AJIINDONESIA, Lombok Barat -  Dewan Jaminan Sosial Nasional (DJSN) prihatin masih banyak jurnalis yang belum dilindungi program jaminan kesehatan. Padahal, regulasi tentang kesehatan mewajibkan perusahaan pers memberi perlindungan dari gangguan kesehatan dan kecelakaan kerja.  Jaminan ini penting, sebab jurnalis juga pekerja.

“Sayangnya, ada banyak jurnalis tidak mendapat (program) ini,” sesal Anggota DJSN, Rudy Prayitno saat membuka diskusi publik “Menuju Jaminan Kesehatan Semesta : Capaian dan Tantangan”, Selasa (30/4) di Hotel Jayakarta, Senggigi, Lombok Barat.  

Dijelaskannya, tidak ada perbedaan soal kewajiban antara perusahaan umum dengan perusahaan pers.  Perusahaan media punya tanggungan yang sama untuk perlindungan jurnalis. Alasannya, jurnalis adalah salah satu profesi yang berisiko mengalami gangguan kesehatan atau kecelakaan kecelakaan kerja lainnya yang bisa diakomodir pelayanan Jaminan Kesehatan Nasional (JKN), terutama BPJS kesehatan dan BPJS ketenagakerjaan. 

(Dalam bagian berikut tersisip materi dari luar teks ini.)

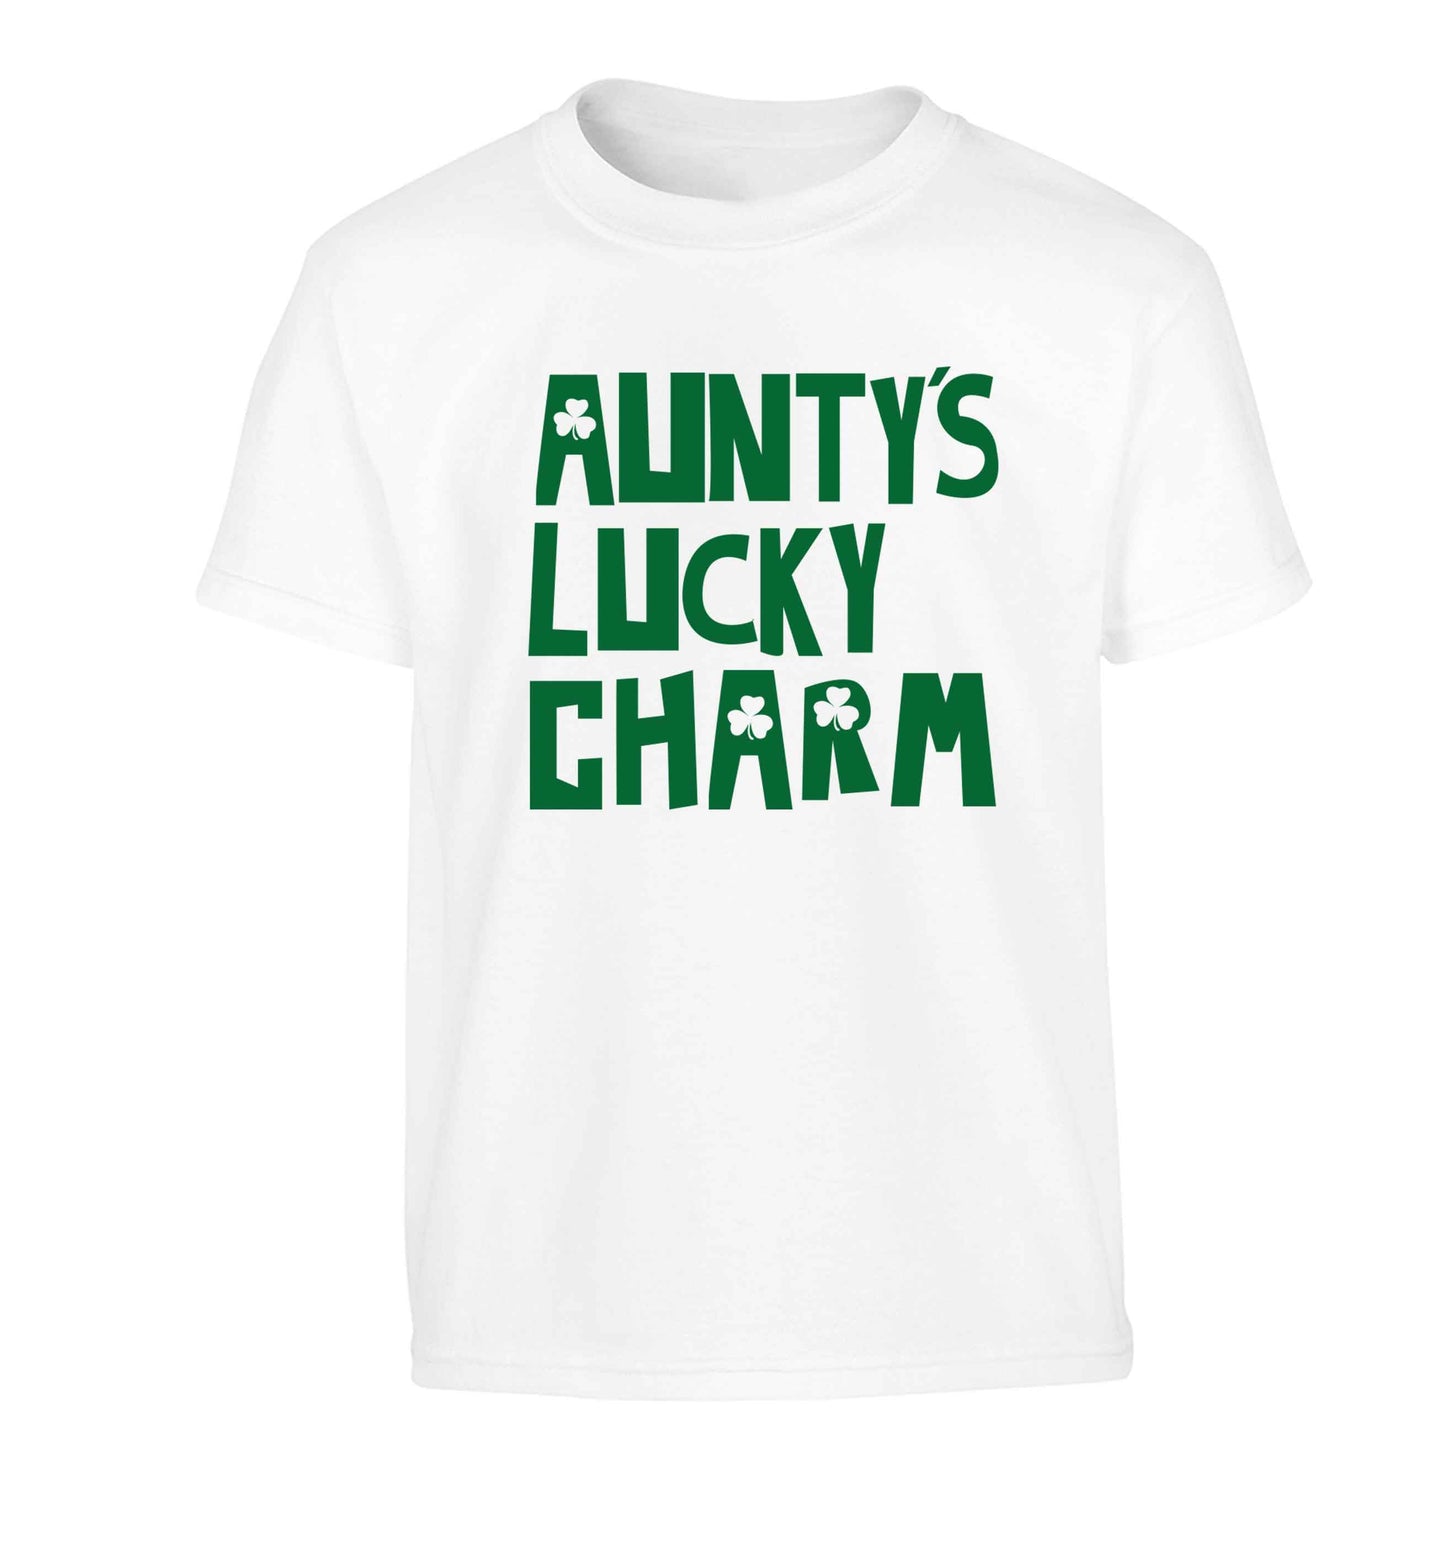 Aunty's lucky charm Children's white Tshirt 12-13 Years

“Seharusnya semua karyawan perusahaan media itu menjadi peserta BPJS kesehatan, termasuk BPJS ketenagakerjaan,” kata Rudy.   

"Setidaknya dua program ini wajib diikuti. Apabila terjadi masalah saat meliput, capek, kecelakaan. Apalagi mohon maaf, sampai terjadi kematian. Dengan program JKN  ini sangat membantu mengurangi beban dari segi pembiayaan,” paparnya.  

Keyakinannya, tidak ada yang inginkan kecelakaan apalagi sampai terjadi kematian. Tapi sangat penting dilakukan antisipasi dan partisipasi sejak dini dalam program BPJS untuk mengurangi beban bagi jurnalis yang mengalamai kecelakaan atau mendapat perawatan medis.  

"Hanya dengan kliam Rp 16.800 sebulan. Sebab kalau sampai terjadi kecelakaan kerja, semua unlimited dibiayai BPJS.  Apabila saat aktivitas kerja, tiba tiba terjadi kecelakaan, tidak punya uang, itu bisa langsung ditangani rumah sakit dengan gratis,” ujarnya.   

Kerja jurnalis sangat dipahaminya, rentan dengan  risiko gangguan kesehatan dan kecelakaan kerja karena aktivitasnya memburu informasi untuk fungsi kontrol sosial.  

“Maka saya pikir perlu ada resonansi kerjasama antara temena teman di BPJS dan jurnalis, apalagi didukung FES," paparnya.  

Perusahaan pers yang tidak mendaftarkan medianya, maka sama saja dengan melanggar sederet aturan. Karena jurnalis dalam menjalankan profesinya dilindungi Undang Undang Nomor 40 tahun 1999 tentang Pers. Dalam kaitan JKN, jurnalis juga dilindungi sebagaimana masyarakat lainnya.  

Regulasi tertinggi pada Undang Undang Dasar Tahun 1945, pasal 28 huruf h, bahwa setiap warga negara berhak mendapat perlindungan sosial. Bahkan turunannya dilindungi Undang Undang Nomor 40 tahun 2004, kemudian tata laksananya Undang Undang Nomor 24 tahun 2011.  

“Artinya ini perlu digelorakan juga kepada masyarakat, yang jadi jembatan emas informasinya adalah jurnalis,” ujarnya. 

Diskusi publik digagas DJSN kerjasama dengan Friedrich Ebert Stiftung (FES), melibatkan Aliansi Jurnalis Independen (AJI) Mataram.    

Ketua AJI Mataram Sirtupillaili mendorong semua perusahaan pers memberikan jaminan  sosial kepada para jurnalisnya. Hal itu sangat penting karena risiko bekerja sebagai jurnalis juga cukup tinggi. Dengan adanya jaminan sosial, maka jurnalis mendapatkan kepastian perlindungan dari perusahaan. "Memberikan jaminan sosial adalah bagian dari upaya mensejahterakan jurnalis," katanya. 

Rina Julvianty selaku Program Coordinator FES mendorong jurnalis mendapat manfaat dari program BPJS. Sebagai bagian dari lembaga kontrol, pers tidak hanya aktif menyoroti persoalan sosial seperti masalah kesehatan. Penting menurutnya untuk menjadi bagian dari penerima layanan kesehatan.  

Hal itu yang lembaganya bekerjasama dengan AJI Indonesia dan menyelenggarakan kegiatan itu bersama AJI Mataram, demi mendorong kesadaran dan partisipasi dalam program jaminan kesehatan.   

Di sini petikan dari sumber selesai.